Bank’s
subsidiary in Switzerland is already being investigated by the US authorities
about whether it helped American citizens evade tax
The Guardian, Angela Monaghan and Jill Treanor, 26 February 2015
The Swiss
operation of Coutts is under investigation by the German authorities for
allegedly helping clients to evade tax.
Coutts is
one of Britain’s most venerable banks, with a clients list that includes the
Queen.
The bank’s
Swiss operation is already under investigation by the US authorities about
whether it helped American citizens evade tax.
But the
parent of Coutts, Royal Bank of Scotland, said the investigation into the Swiss
arm of Coutts had now widened to Germany. The activities of Swiss banking operations have come under intense scrutiny following the revelations about HSBC and the leak of 100,000 account details of its subsidiary in Switzerland,
which showed it helped clients avoid tax.
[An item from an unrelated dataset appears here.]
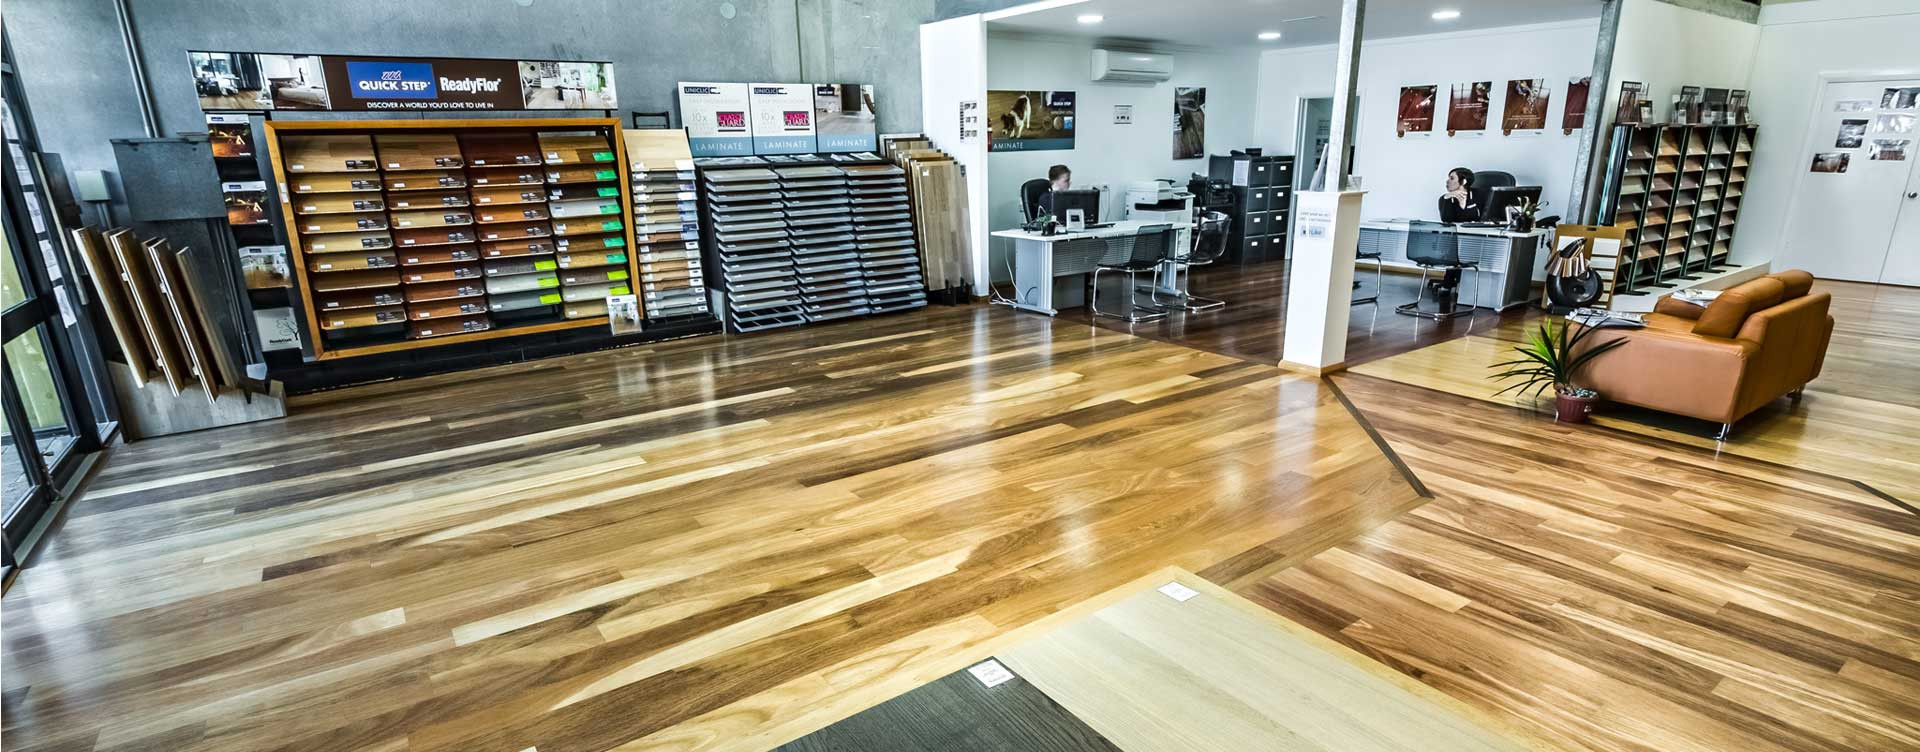 11 Recommended Wide Plank Laminate Hardwood Flooring 2023 free download wide plank laminate hardwood flooring of timber flooring perth coastal flooring wa quality wooden regarding thats why they call us the home of fine wood floors

In order to become a client of
Coutts, customers must have more than £1m in investable assets.
In the
pages of legal warnings attached to RBS’s annual report, RBS said: “A
prosecuting authority in Germany is undertaking an investigation into Coutts
& Co Ltd in Switzerland, and current and former employees, for alleged
aiding and abetting of tax evasion by certain Coutts & Co Ltd clients.
Coutts & Co Ltd is cooperating with the authority.”
RBS – which
is 79% owned by the taxpayer – had already put the international operations of
Coutts up for sale and will indemnify any buyer of the business against any
regulatory action.
Ross
McEwan, the chief executive of RBS, said on Thursday that the business was
being sold because it did not make money and that private banks had taken too
long to clean up their activities.
“I want to
be very clear if we find anything that has evidence of wrongdoing we will come
down incredibly hard on any of those issues,” he said. “Any situation like this
we take seriously … it is the reputation of our business. This is what has
tarnished the banking industry and in my view private banks have taken far too
long to catch up with the public’s expectations.”